Disturbing cholesterol metabolism within cells may have profound effects on cell function. Although cholesterol is a component of normal cell membranes, the amounts of free cholesterol are increased between three- and five-fold in specialised detergent-resistant micro-domains within the plasma membrane that are commonly called lipid rafts [8]. Such lipid rafts are also highly enriched in sphingolipids and gangliosides, and contain specific proteins [9]. The raft-associated proteins include many proteins attached to membranes via a glycosylphosphatidylinositol (GPI) anchor [10] including both PrPC and PrPSc [11]. In addition, cellular receptors for folate or the p75 neurotrophin receptor are found within rafts [12, 13], as are receptors for neurotransmitters including acetylcholine [14] and gamma-aminobutyric acid [15]. Such domains also contain components of signalling pathways including the Src family tyrosine kinases [16], adenylyl cyclase [17], the trimeric G-proteins [18] and cytoplasmic phospholipase A2 (cPLA2) [19]. Lipid rafts act as membrane platforms that concentrate molecules for cell signalling [20] and changes in membrane cholesterol levels may lead to abnormal cell signalling. As the neurotoxicity of PrPSc was blocked by PLA2 inhibitors [21] the effects of prion infection on PLA2 activity was examined. Here we report increased activation (phosphorylation) of cPLA2 in ScGT1 cells.

Results

Prion infection increased free cholesterol in neuronal cell lines

The amounts of protein and cholesterol in two prion-infected neuronal cell lines (ScN2a and ScGT1 cells) were compared to that of uninfected controls (N2a and GT1 cells). There were no significant differences in the amounts of protein between infected and uninfected cells. In contrast, the amounts of total cholesterol (a mixture of free and esterified cholesterol) were significantly higher in infected ScGT1 cells than in GT1 cells (542 ng cholesterol/mg protein ± 44 versus 453 ± 72, n = 11, P = 0.004) (Table 1). More detailed analysis showed that the amounts of free cholesterol within ScGT1 cells were 36% higher than those in GT1 cells (500 ± 54 versus 368 ± 59, n = 11, P = 0.0003), while the amounts of esterified cholesterol were 50% less than in GT1 cells (42 ± 14 versus 85 ± 28, n = 11, P = 0.0007). Similar results were obtained when ScN2a and N2a cells were compared: amounts of free cholesterol in ScN2a cells were 23% higher than in N2a cells (473 ± 41 versus 384 ± 37, n = 11, P = 0.0001), but the amounts of esterified cholesterol were significantly lower than those of N2a cells (52 ± 14 versus 87 ± 19, n = 11, P = 0.002). Thus, in both cell lines prion infection was associated with a significant decrease in the amounts of cholesterol esters and in the percentage of cholesterol that was esterified (Table 1).

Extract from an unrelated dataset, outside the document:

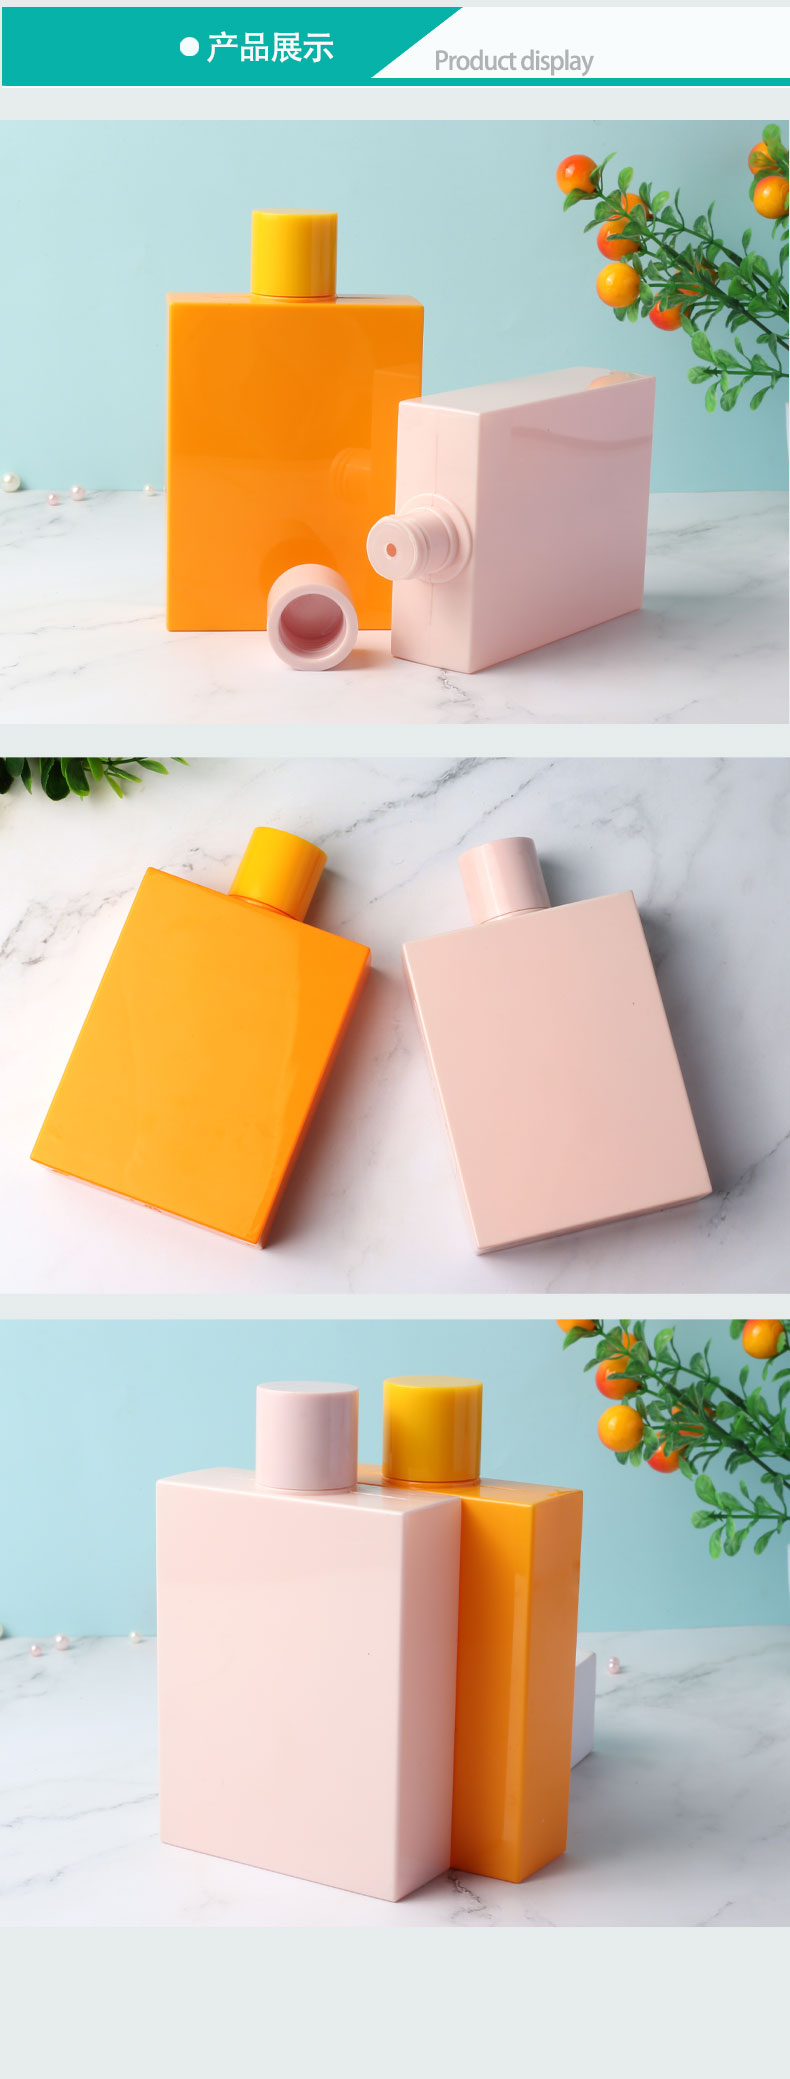 橙色和粉色方形扁瓶_06.jpg

Table 1 Prion infection increased the amounts of free cholesterol in neuronal cell lines. The amounts of total cholesterol, free cholesterol and esterified cholesterol (ng cholesterol/mg protein) in extracts from prion infected neuronal cells (ScN2a or ScGT1 cells) compared with their non-infected counterparts (N2a or GT1 cells). Values shown are the mean ± SD from 11 samples.

Brain-derived neurotrophic factor (BDNF) increased the PrPSc content of ScGT1 cells [22]. Here we report that treatment with BDNF, glial-derived neurotrophic factor (GDNF) or retinoic acid also increased the PrPSc content of ScGT1 cells, while treatment with nerve-growth factor (NGF) did not (Table 2). The increased PrPSc content of treated ScGT1 cells was accompanied by increased amounts of free cholesterol. The free cholesterol content of ScGT1 cells was significantly higher in cells treated with BDNF (654 ng cholesterol/mg protein ± 61 versus 510 ± 48, n = 9, P = 0.003), GDNF (655 ± 59 versus 510 ± 48, n = 9, P = 0.004) or retinoic acid (705 ± 83 versus 510 ± 48, n = 9, P = 0.002) but not in cells treated with NGF (503 ± 72 versus 510 ± 48, n = 9, P = 0.64). None of the treatments increased the cholesterol content of uninfected GT1 cells showing that the increases in free cholesterol were related to the PrPSc content of cells. To examine this relationship further, ScGT1 cells were treated with varying concentrations of GDNF and amounts of PrPSc and free cholesterol were measured. A significant correlation coefficient between the amounts of PrPSc and free cholesterol was observed (Pearson correlation = 0.922); see Figure 1.

Figure 1
figure 1

Correlation between the amounts of PrP Sc and free cholesterol in ScGT1 cells. The amounts of PrPSc in GT1 cells () or ScGT1 cells () treated with varying amounts of GDNF for 7 days were plotted against the amounts of free cholesterol in the same cells (expressed as ng cholesterol/mg protein).

Table 2 Correlation between PrPSc and free cholesterol content in ScGT1 cells. The amounts of PrPSc and free cholesterol in ScGT1 and GT1 cells treated for 7 days with neurotrophic factors or retinoic acid as shown. Free cholesterol was measured in cell extracts using the Amplex Red cholesterol assay kit. Values shown are the mean ± SD from 9 samples. PrPSc content of cells significantly greater than those of untreated cells (P < 0.05) are indicated by * and free cholesterol content of cells significantly greater than those of untreated cells (P < 0.05) are indicated by #.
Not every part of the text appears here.